You guys wont believe this, but when I was on my three‘s at Borden 4 yrs ago, there were so many empty Q‘s that they were giving them to civilians who wanted them!  I know of two guys on my course who got PMQ‘s while still on course!  Both were married and one had kids, who was staying in Borden after the course.  Hope this helps out a bit.

securitas


----------



## Recce41 (21 Oct 2002)

Yes most Qs are empty in Borden, at 910$ for a three bedroom. You might as well buy. And I could believe that. If they were LOTEPs or if they were staying in Borden . But in the Combat arms you never stay in Meaford, Its more strict. When I got in in 79. I was away for 8 months, 4 months Basic at Cornwallis and QL3 in Petawawa, then 4 months on exercise with the Regt. Then I got my PMQ.


----------



## Ray (21 Oct 2002)

Ok I got all the Info about P.M.Q`s that i need .Thanks for the input.


----------



## onecat (22 Oct 2002)

That‘s good news. I wasn‘t sure if they had single Quarters, so knowing that I‘m much happier.

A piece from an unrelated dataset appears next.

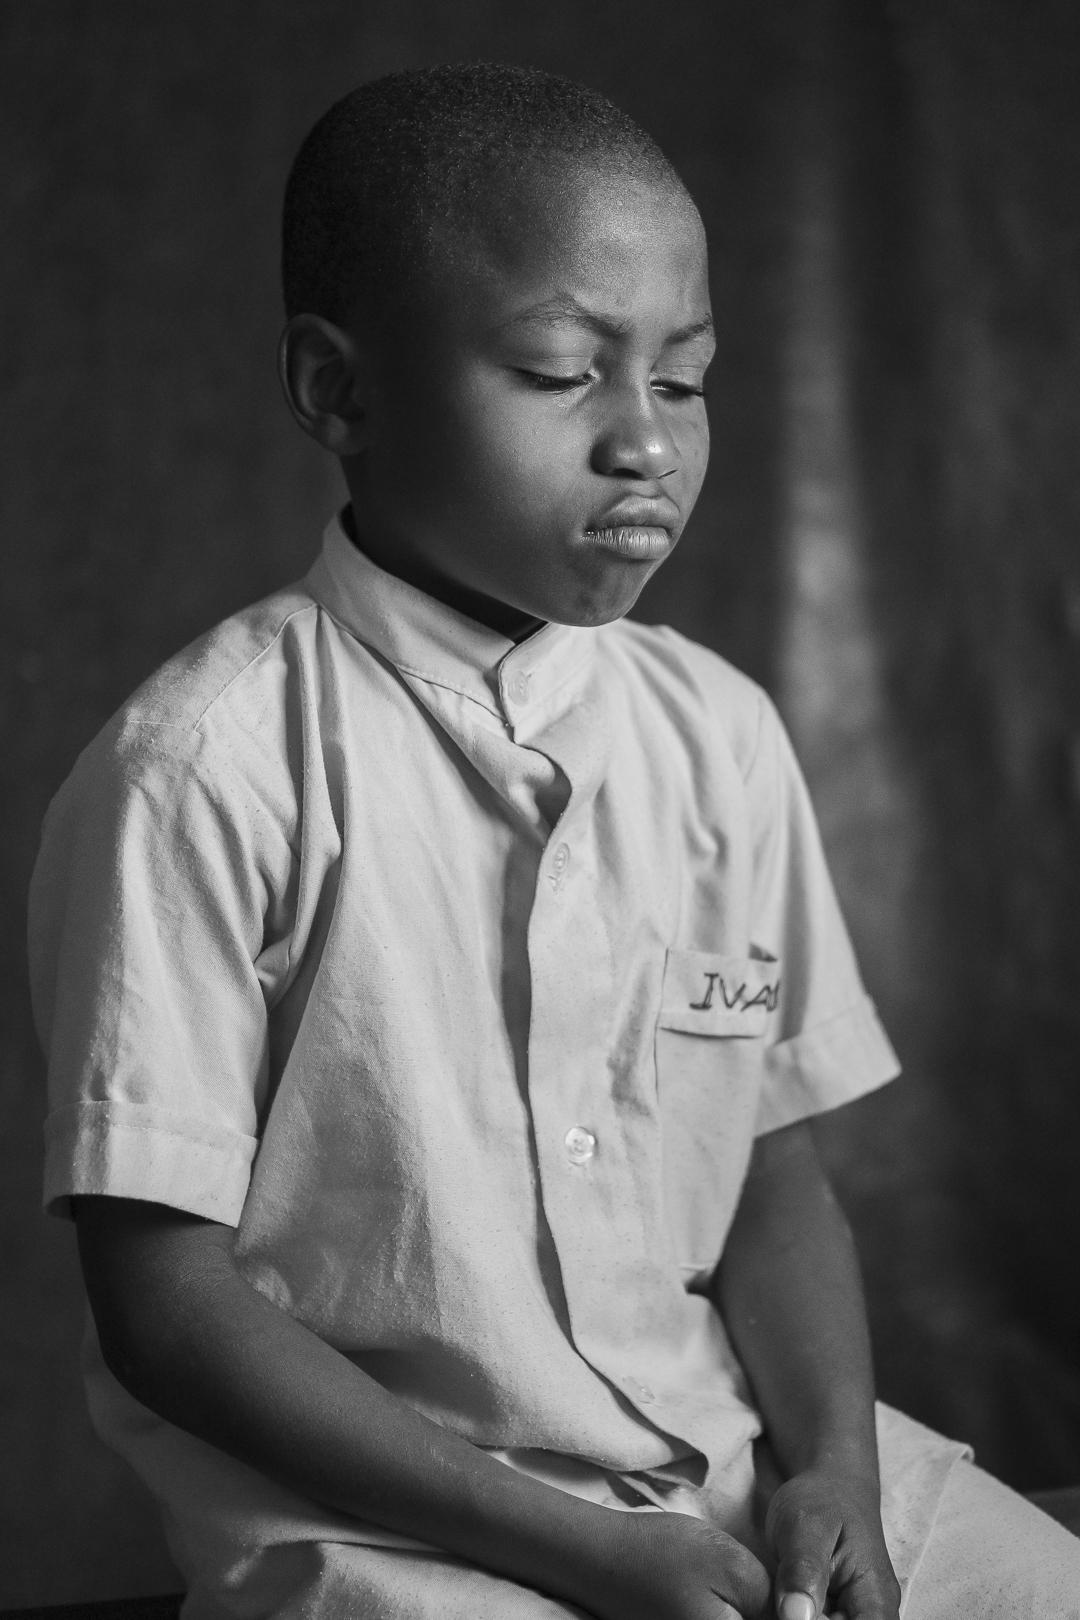 Ivan | 9 years old
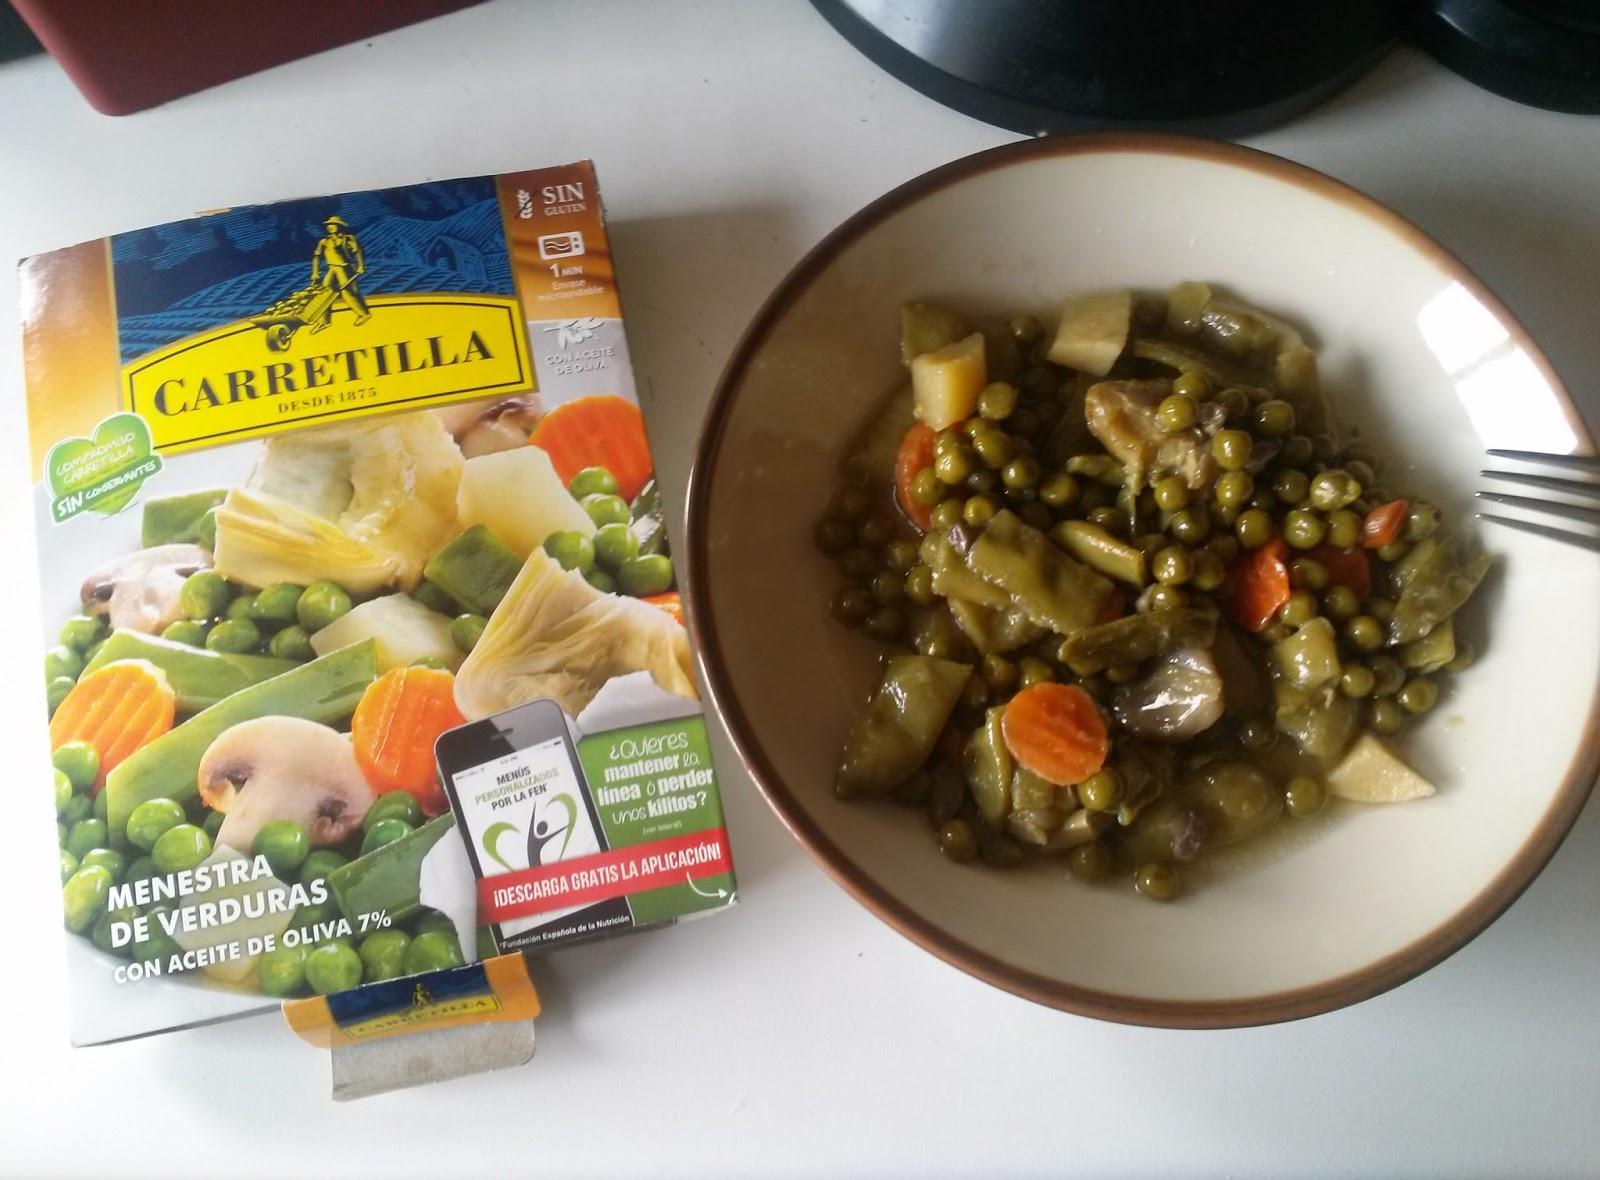 Bonito cocinar menestra de verduras fotos esta receta de - Menestra de verduras en texturas ...

Being single and 30 I wasn‘t looking forward to sharing my space with alot of guys.  Do they ahve extra single quarters in every base?  I‘m going in for SigOps so I‘m not sure if it much different getting them as it would be for combat arms people.

Could by chance list the link for info Q‘s  I can‘t seem to find it.

Thanks.


----------